For cities, in other reports he has done, the worse are: Oakland, Richmond, Berkeley, and Cathedral City. Also in trouble are San Francisco, Los Angeles, and San Jose. In Orange County, the worst is Costa Mesa, followed by Santa Ana. Last November, Costa Mesa voters rejected Moorlach’s bid to become mayor and fix their broken finances. Now, if my analysis of the SVB fallout plays out, they’re going to suffer the consequences.

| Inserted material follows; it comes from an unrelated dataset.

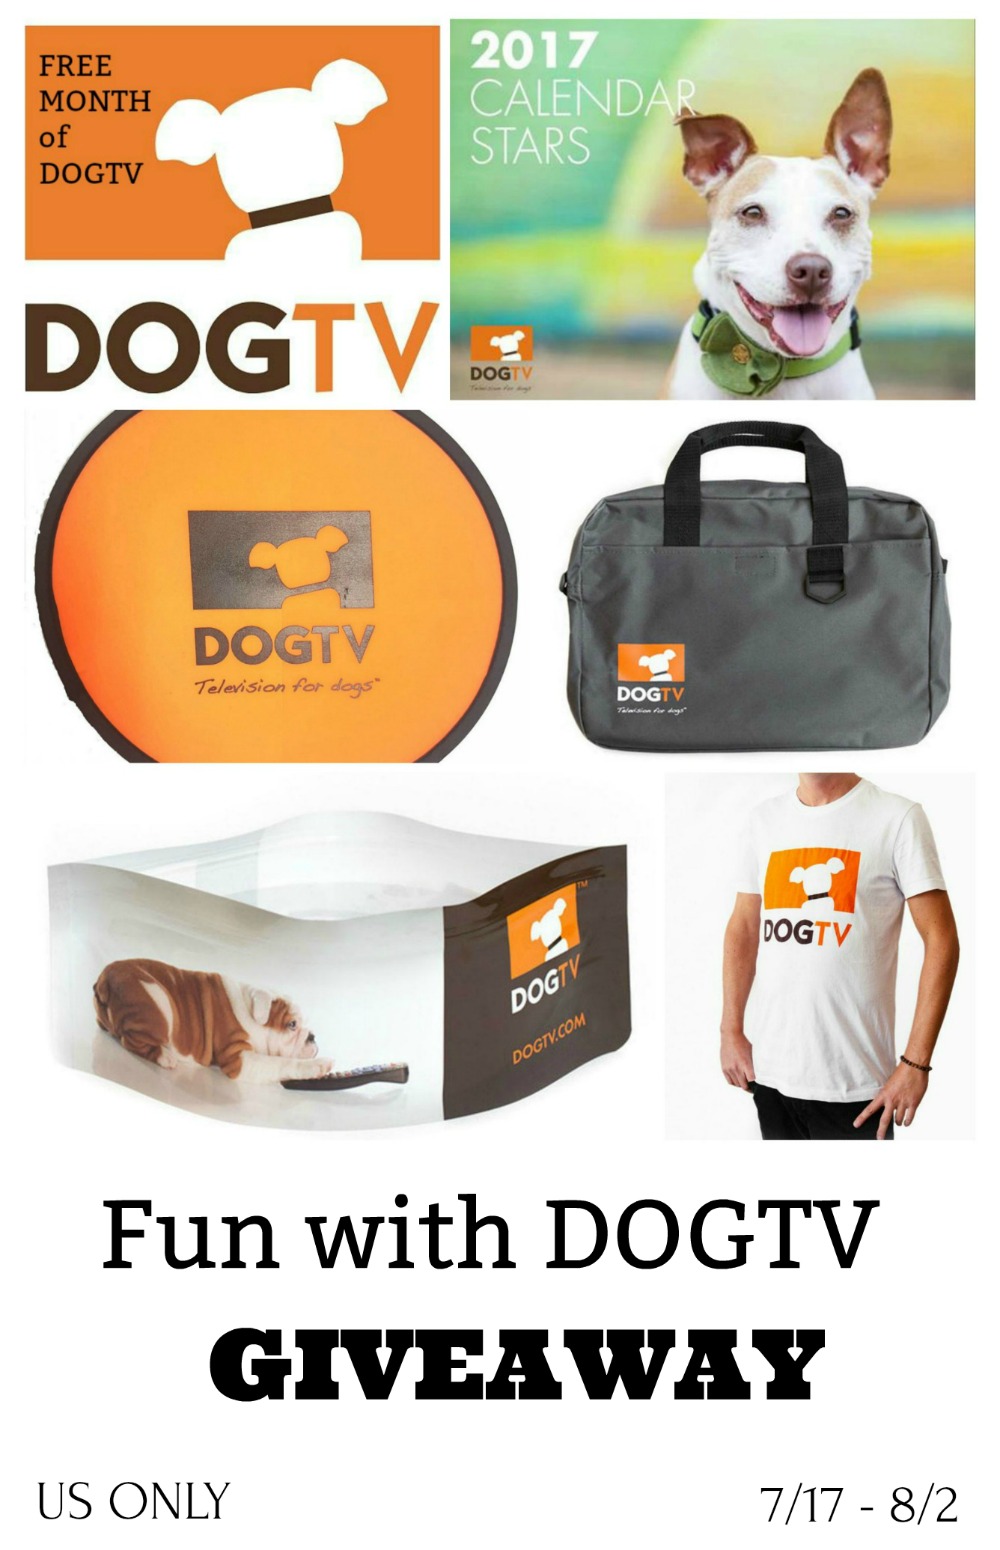 Fun with DOGTV - Prize Package Giveaway! (ends 8/2)

California itself remains in limbo on an accurate picture of state finances, because the last Annual Comprehensive Financial Report for the state was for June 30, 2020—almost three years ago, in the depths of the pandemic. Incompetent Controller Betty Yee is gone. But her replacement, Malia M. Cohen, has yet to repair the damage. At this crucial time, Californians basically have no idea what condition their state finances are in.
Other states, of course, will be damaged by Biden’s socialist bank takeover; their start-ups also will be hurt. But at least Tennessee, Texas, and Florida don’t also impose a state income tax, let alone California’s confiscatory 13.3 percent top rate.

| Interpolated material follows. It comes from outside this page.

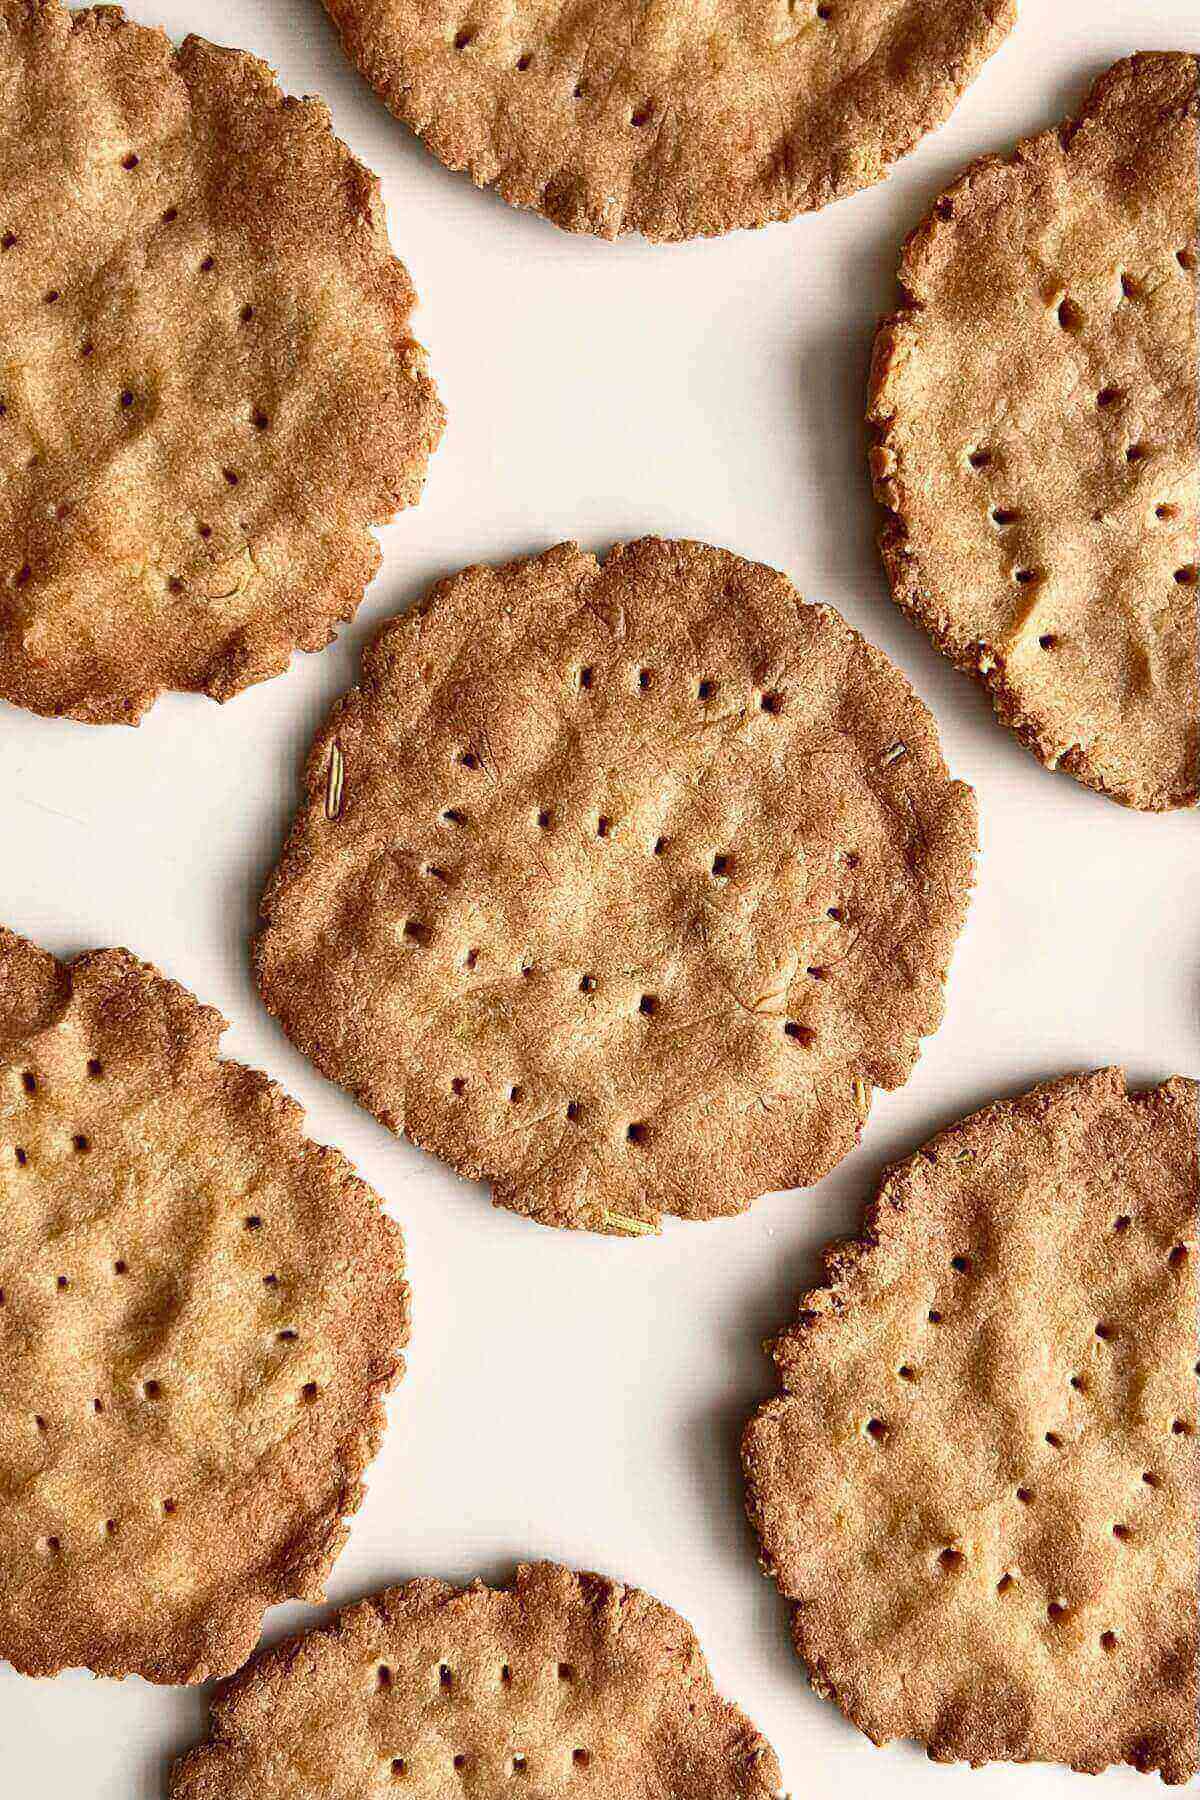 Light brown crackers on a white plate.

It’s ironic how, even as America is confronting Communist China, our free land is adopting the policies of this adversary. The New York Times reported March 14:
“At the annual gathering of China’s national legislature, which concluded on Monday, Mr. Xi introduced a series of sweeping changes to the country’s regulatory framework, allowing the party’s top leaders to assert more direct control over financial policy and bank regulation. Appointments for allies of Mr. Xi to key regulatory roles and additional shake-ups are expected in the coming days, further cementing the party’s oversight of the financial system.
“‘It’s very consistent with what Xi Jinping has been rolling out over the past 10 years,’ said Max Zenglein, chief economist at the Mercator Institute for China Studies in Berlin. ‘Whenever he’s confronted with a problem, the solution is greater centralization to the party.’

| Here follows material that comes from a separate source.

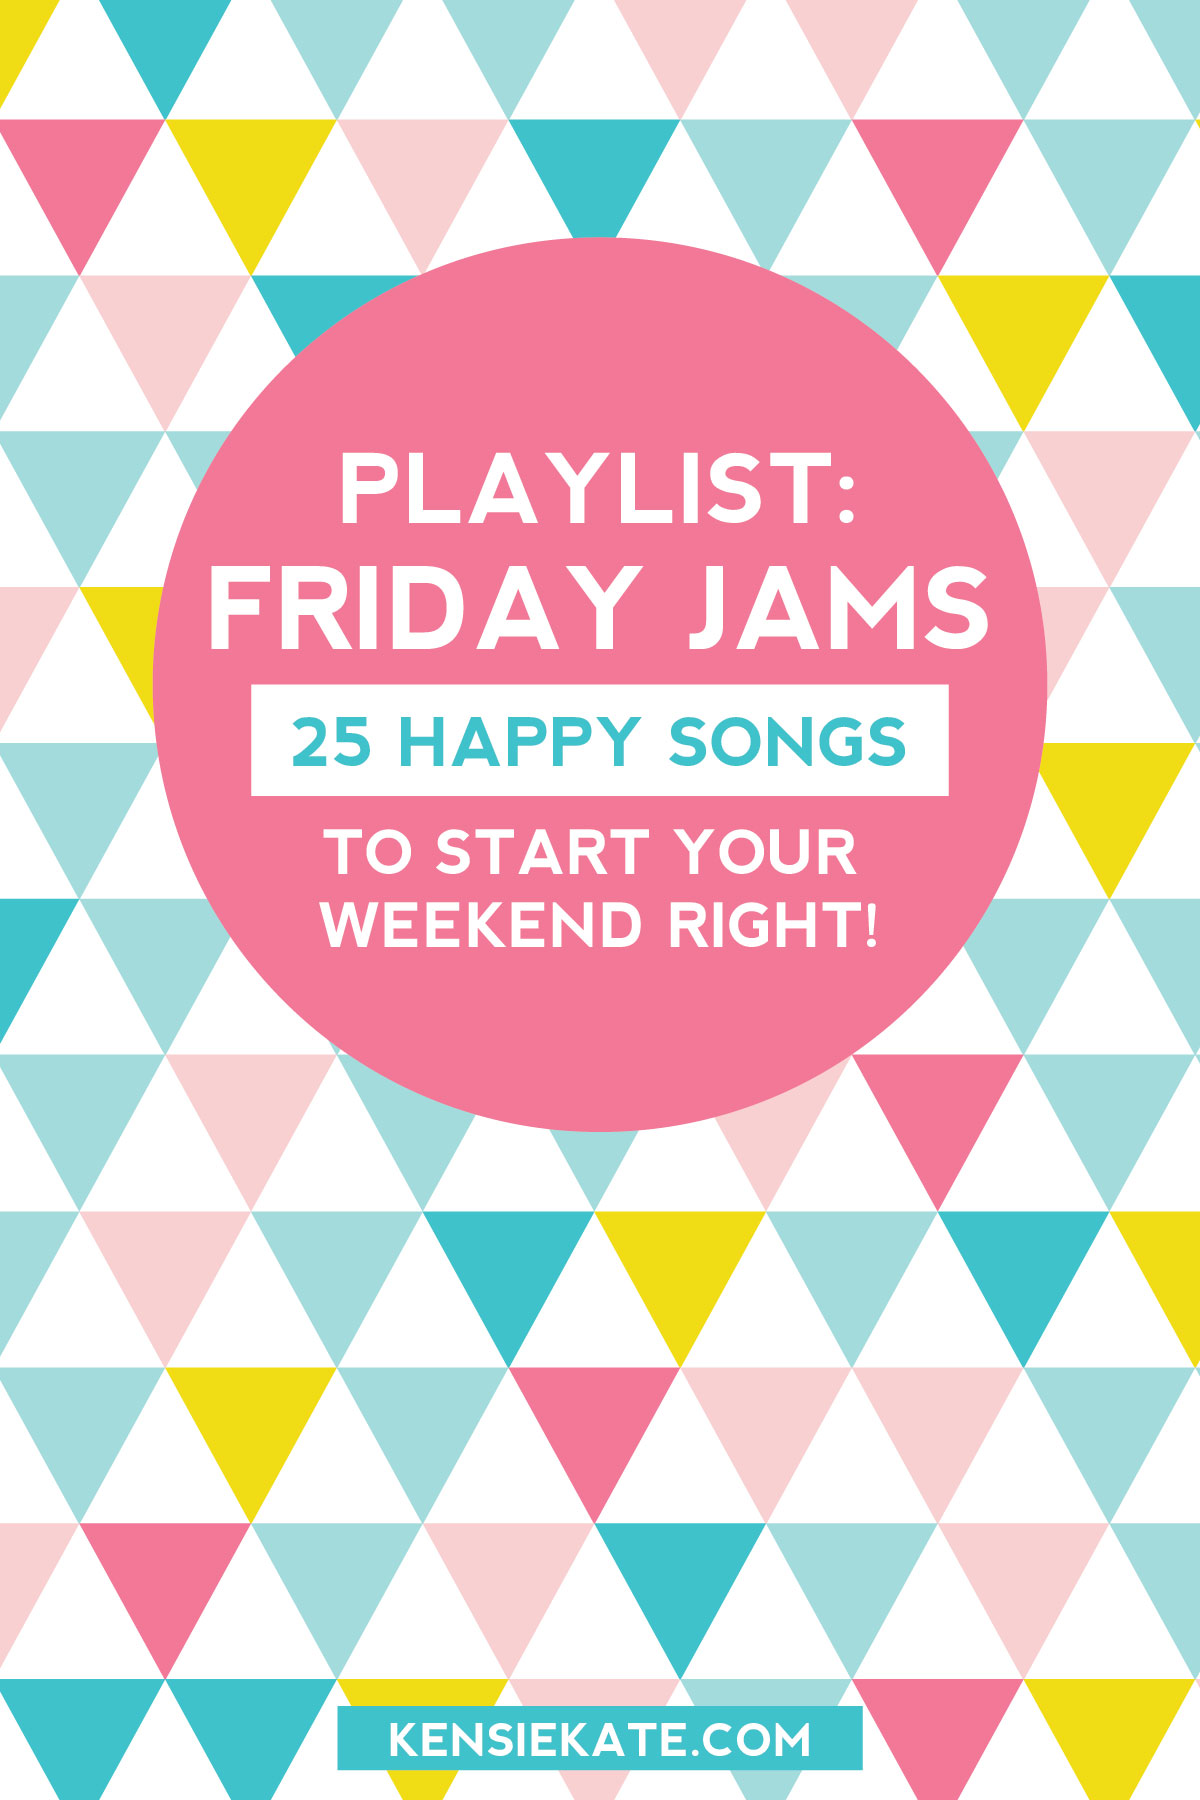 Kensie Kate | Super happy playlist perfect for the weekend!

“The moves were the latest evidence of how Mr. Xi continues to reshape China’s business climate, steering the world’s second-largest economy away from the free-market policies that underpinned its ascent. While past Chinese leaders sought to maintain a buffer between the party and the private sector, Mr. Xi has erased those lines and made clear that businesses are there to advance the party’s agenda.”
Sounds familiar, doesn’t it? Too familiar. I was fortunate to live through the great times when free market policies took hold, as noted above for America, and produced great growth and the Internet Revolution. Contemporaneous events were Deng Xiaoping’s market reforms in China, Margaret Thatcher’s in the United Kingdom, and the Solidarity movement in Poland. To quote Wordsworth, “Bliss was it in that dawn to be alive, But to be young was very Heaven!”
This current folly too shall pass. Freedom lives in the breast of every man and one day again will triumph.
Views expressed in this article are the opinions of the author and do not necessarily reflect the views of The Epoch Times.